Something that is not examined, to my knowledge, is the possibility that at least "Mark" didn't know if Jesus existed really or not. So "Mark" imagined simply the life of Jesus. In this sense, he was euhemerizing Jesus without not even knowing that Jesus existed or not. From this POV, he is not so different from who today (or better: yesterday) wrote books on the "historical Jesus".
How was this Mark's ignorance possible? Between the death of Paul and the community of Mark there was a kind of "Dark Age" of which the same "Mark" was a victim, in terms of real knowledge of the Christian past. So Mark had to imagine first, and then give a meaning to the mere fruit of the his imagination. Something of similar Josephus did, when he merely imagined who was "John the Baptizer" by placing him under the wrong Herod (given the fact that - per Greg Doudna - the true historical John was Hyrcanus II).
So the fact that there is not distinction between history and myth in the earliest Gospel was a deliberate act by "Mark" to give to others definitely the answer to the question if what he wrote was true or not. The others were the his same readers. They decided that what "Mark" wrote was entirely or partially true.
Now, the "Jesus agnosticism" of "Mark" is derived also from the "Jesus agnosticism" of Paul. Also Paul didn't know if Jesus existed or not "in the flesh".

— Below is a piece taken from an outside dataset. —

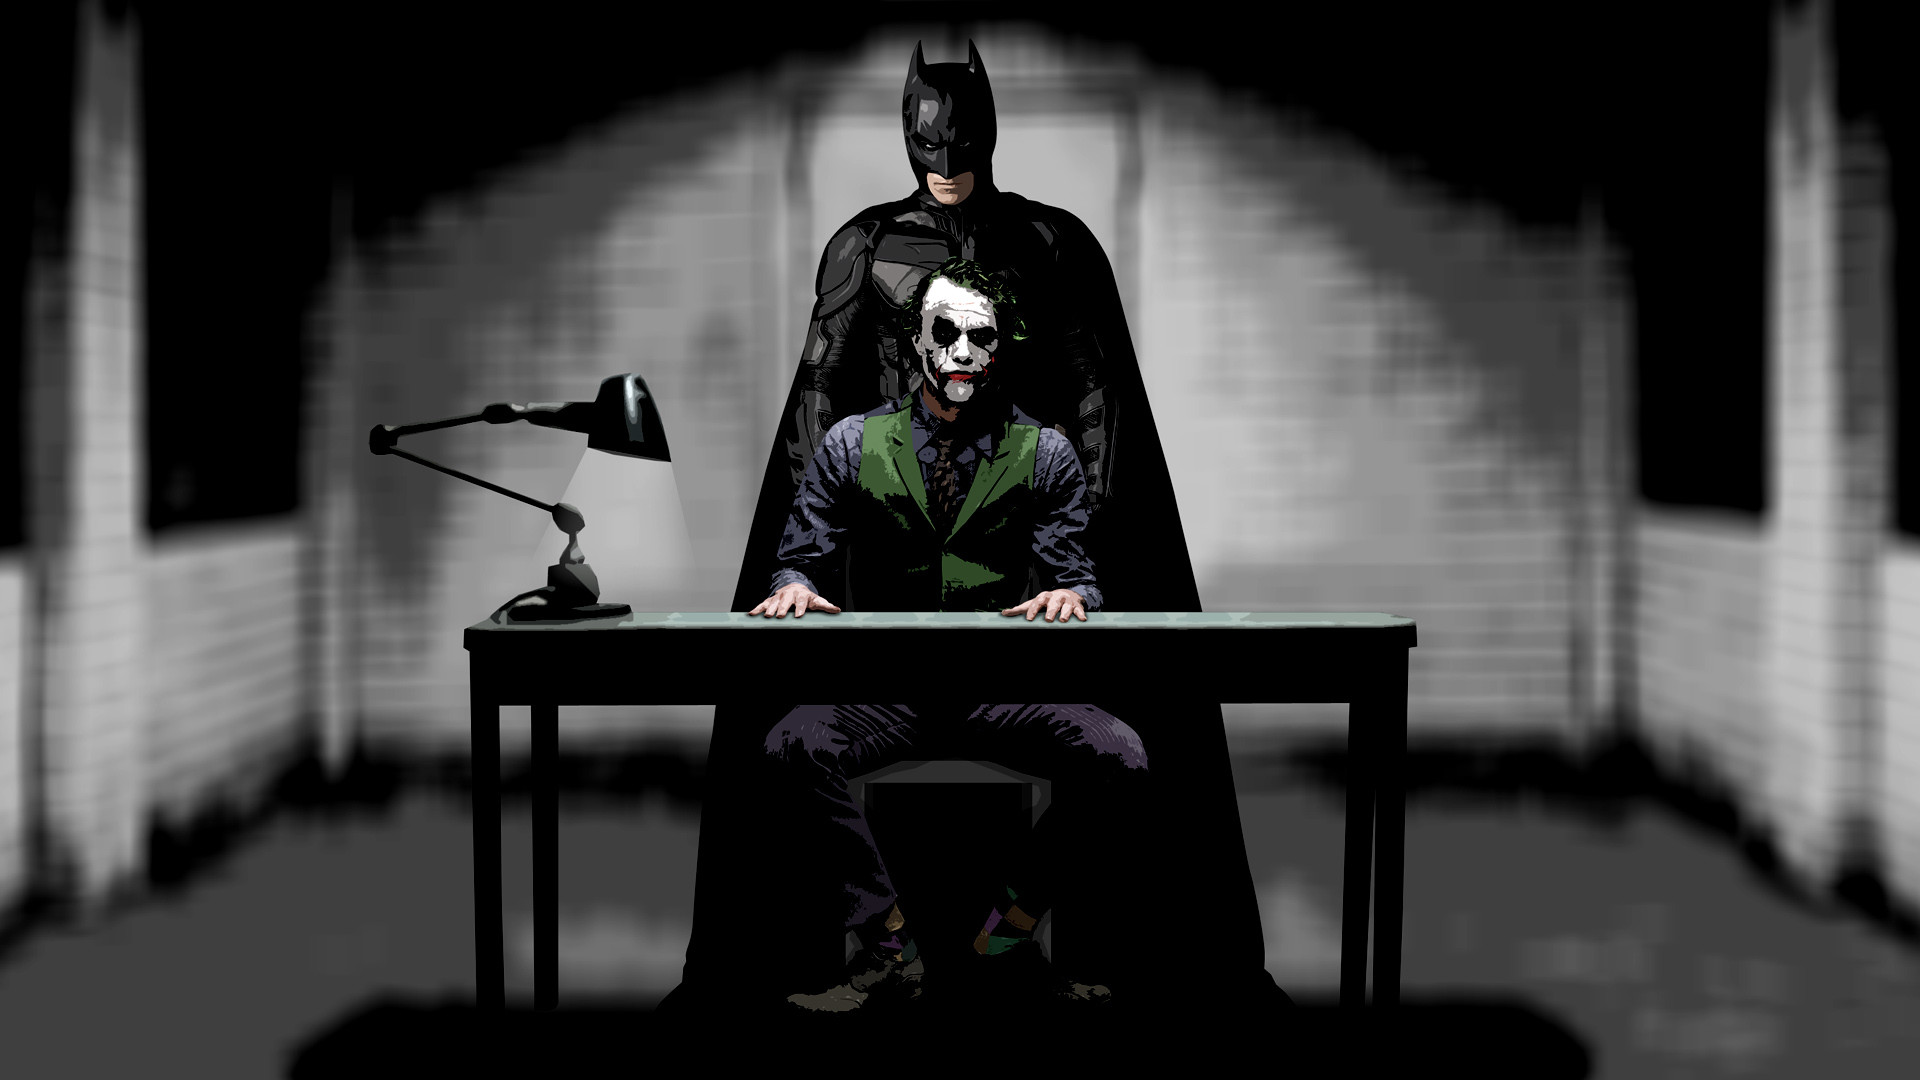 Download 21 batman-wallpaper-hd-1080p 1920x1080-Batman-8K-Logo-1080P-Laptop-Full-HD-Wallpaper-HD-.jpg

From now on, therefore, we regard no one according to the flesh. Even though we once regarded Christ according to the flesh, we regard him thus no longer
(2 Cor 5:16)
The sense would be: even if Jesus existed really "in the flesh", we don't know and we don't care.
So Paul didn't imagine the life of Jesus, differently from Mark. He limited himself to imagine the meaning of Jesus's "known" act. That meaning was true for him even if Jesus didn't exist really "in the flesh".